Although it is not referred to in this legislation, Senator O'Donovan referred to packages being available to purchasers by developers. There was also a procedure where certain solicitors were listed to act for purchasers, which caused conflict. I also have an issue with Chinese walls within legal practices and I think it should be examined. The ordinary consumer is competing with the commercial builder and it must be examined in the long term. I agree with Senator O'Donovan's point about advertising packages. I welcome this important change in the legislation, which is long overdue.

I thank Senators for their assistance and co-operation. I appreciate that the amendments are of a technical nature, not only in the context of their impact on this Bill but also how they translate to other items of legislation that required amendment. Many of the amendments were designed to introduce much-needed transparency and confidence in order to revive the residential and commercial property markets. The lack of transparency in the absence of proper consumer protection standards contributed in a substantial way to the problems in recent years. It is regrettable that the type of consumer protection measures we are now enacting were not in place. There was a substantial conflict of interest, as Senator O'Donovan put it, not just in the conduct of financial institutions but also of some auctioneers and estate agents, particularly those who specialised in apartment sales and who were recruited by developers in to sell properties in some of the large new estates. This was perfectly legitimate but, together with the developer and the financial institutions, they sought to get the financial institution that was funding the developer to put seemingly attractive financial packages in place to facilitate purchasers who gave very little real thought as to whether the price of residential property was a realistic or reasonable price. They were generally of the belief that, once they were able to get a mortgage, some objective and reasonable assessment had been undertaken by the mortgage provider of the price on offer and the appropriateness of providing the funding.

We had a property Ponzi scheme with financial institutions, developers and some auctioneers sitting on top of the scheme circulating money and selling property at inflated prices to unsuspecting and inexperienced young people who felt that if they did not get on the property ladder they would never have their own home. The most disgraceful aspect of this was when individuals were in cahoots, with announcements that 30 apartments or houses would be put on the market at a particular price one morning and people queued overnight to buy property at exorbitant prices. When the 30 units were sold, they would announce the glad tidings that another 100 would be made available that afternoon at increased prices. From Friday morning to Friday afternoon, properties on the market had increased in price by €30,000 or €40,000. I hope we never see that time again and the measures in this legislation will provide some protection for that. It is also important that the new statutory requirement for auctioneers requires them to publish realistic advised market values of properties for sale rather than using the discredited guide price mechanism. Together with the recent budget measures, this will reassure consumers and boost consumer confidence. The new requirement on auctioneers is very important in seeking to restore overall confidence in the property market.

Earlier this week I published advertisements inviting expressions of interest from suitably qualified members of the public who wish to be considered for appointment to the new authority in the context of the approach taken by Government. The advertisements are on my Department's website as well as on the website of the Public Appointments Service and the closing date for submission of expressions of interest is 21 December.
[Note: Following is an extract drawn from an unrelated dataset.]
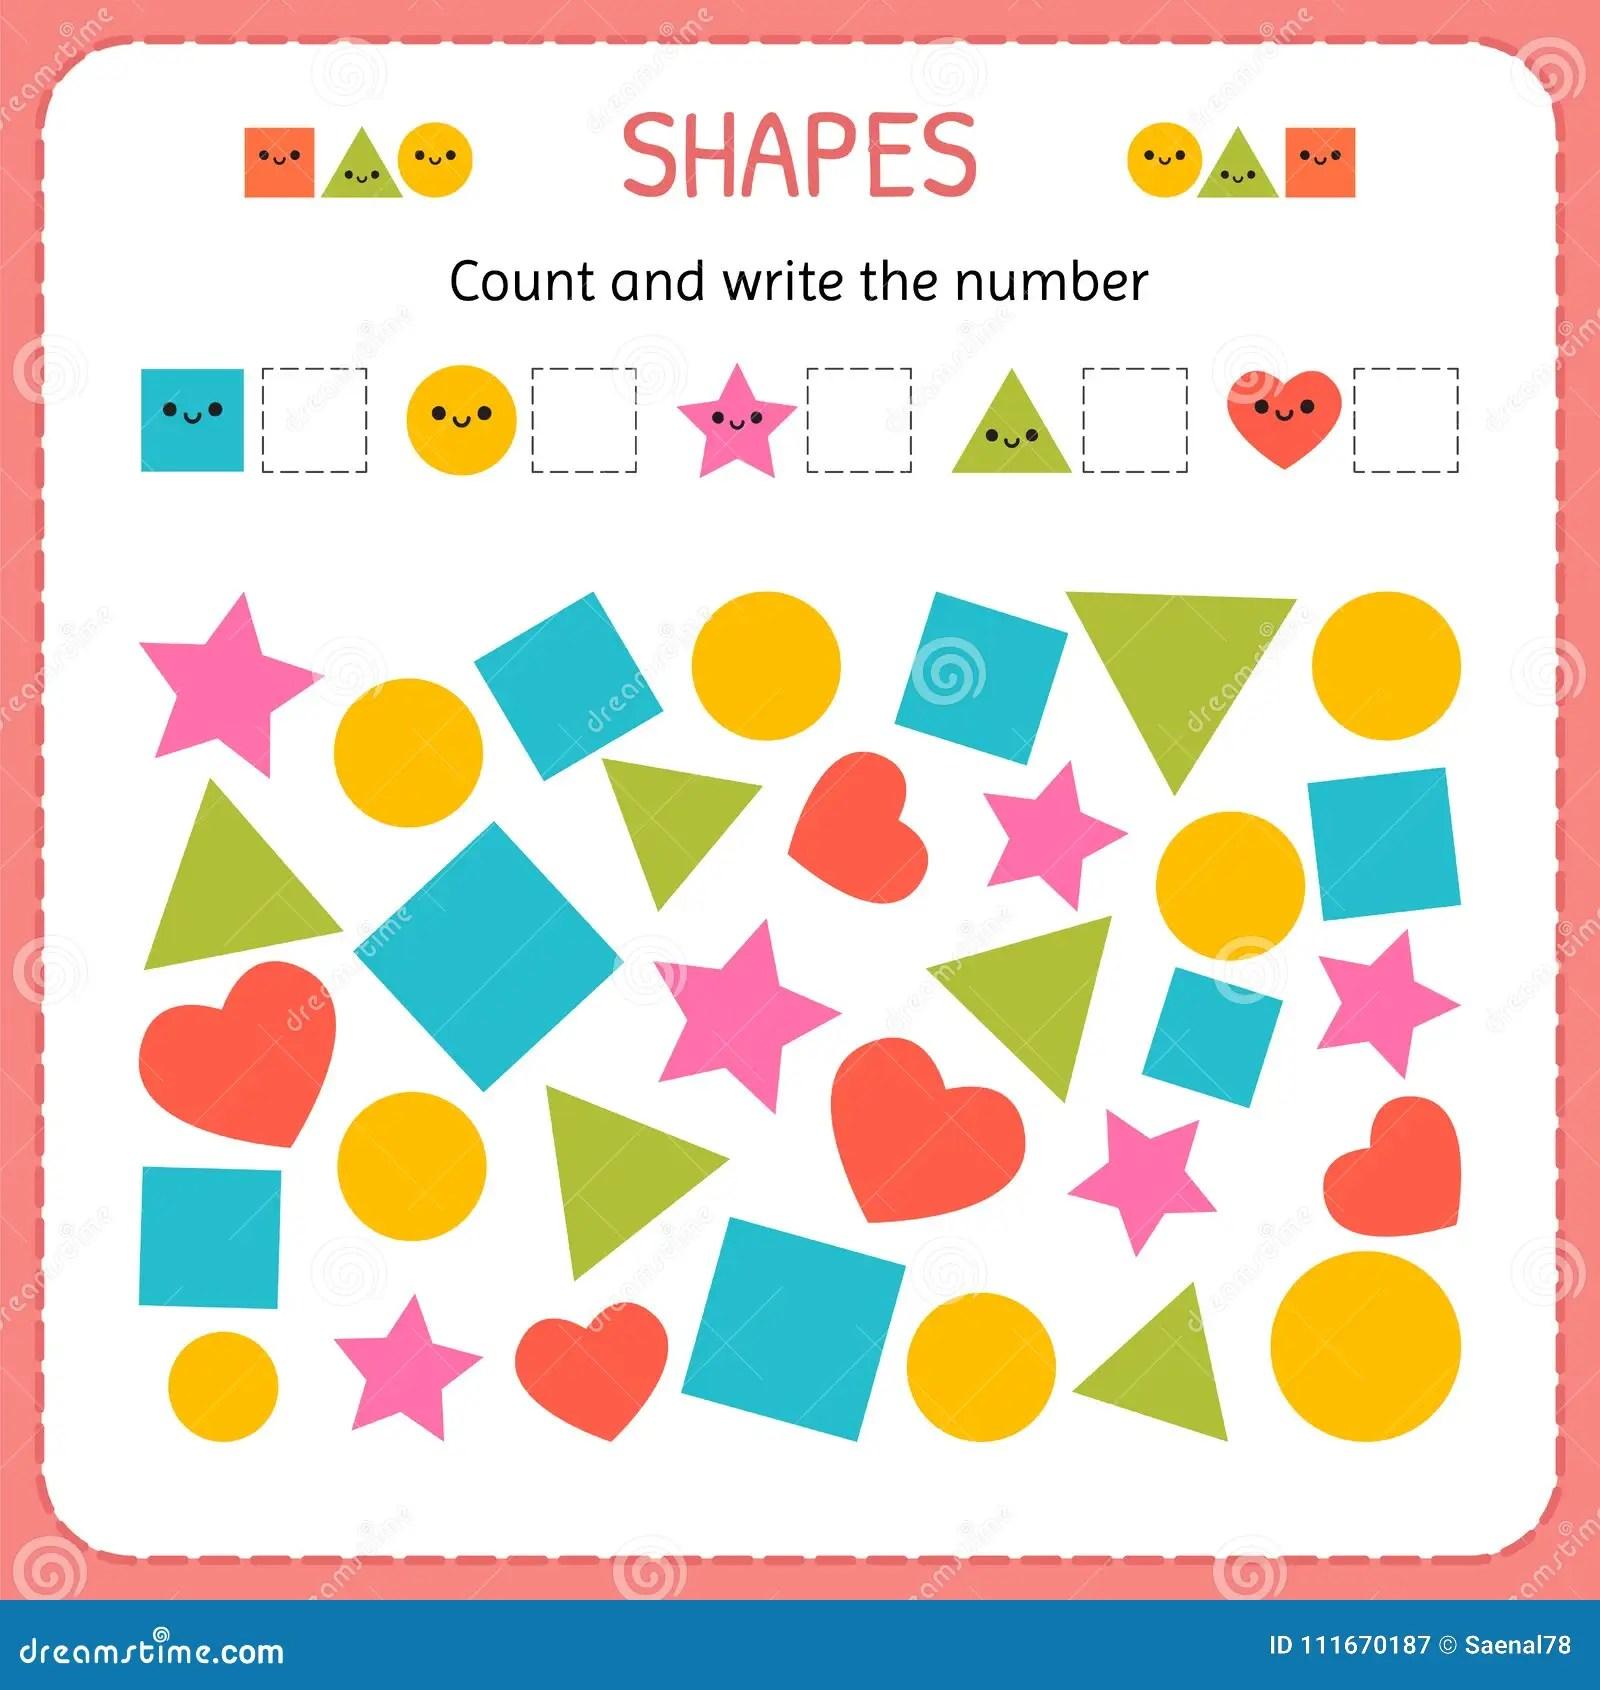 Conte E Escreva O Numero Aprenda Formas E Figuras Geometricas Pre Escolar Ou Folha Do Jardim De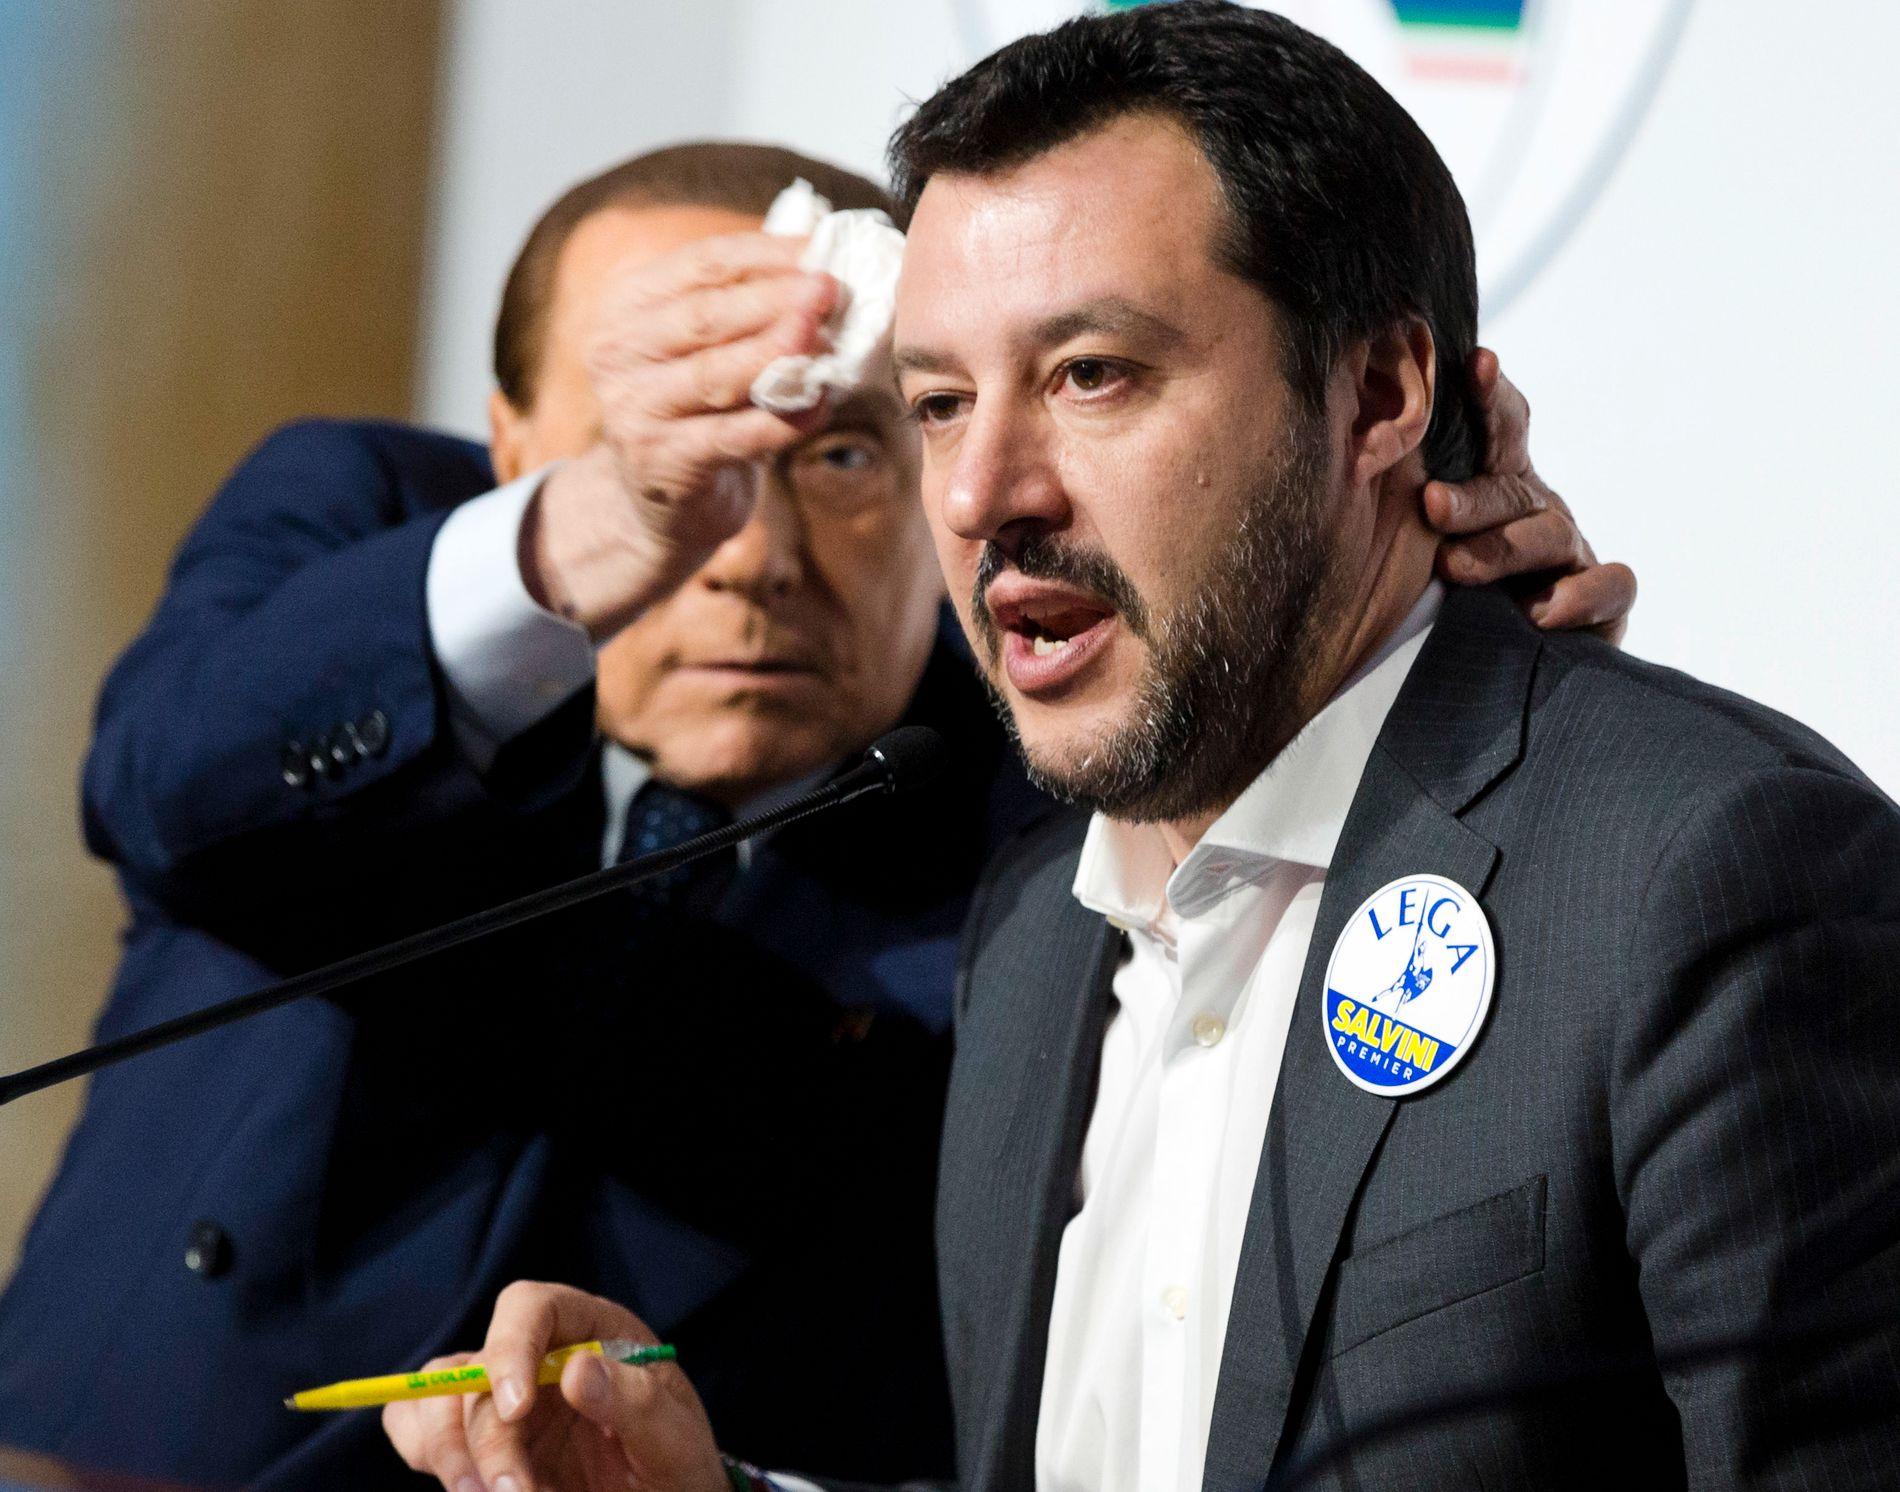 FRONTFIGUR: La Legas leder Matteo Salvini har vært en del av Italias politiske elite i et par tiår, og partiet har vært i fem regjeringer siden Berlusconis første kabinett i 1994.

As regards the new licensing arrangements, a number of regulations specifying the required education and training standards and levels of professional indemnity insurance will have to be made by the authority. The existing licences of auctioneers and letting agents remain valid until 30 June next. However, property management agents are not subject to any licensing arrangement and I would expect that the authority will give immediate priority to the introduction of much needed standards in this segment of the property services sector. New licensing arrangements for such agents will complement the provisions of the Multi-Unit Developments Act, which entered into force earlier this year and enhanced protection levels for apartment owners.

I thank Senators for their agreement to the amendments made and for their comments and for facilitating the passage of the Bill.

Question put and agreed to.
Question, "That the Bill do now pass," put and agreed to.
Sitting suspended at 1 p.m. and resumed at 2 p.m.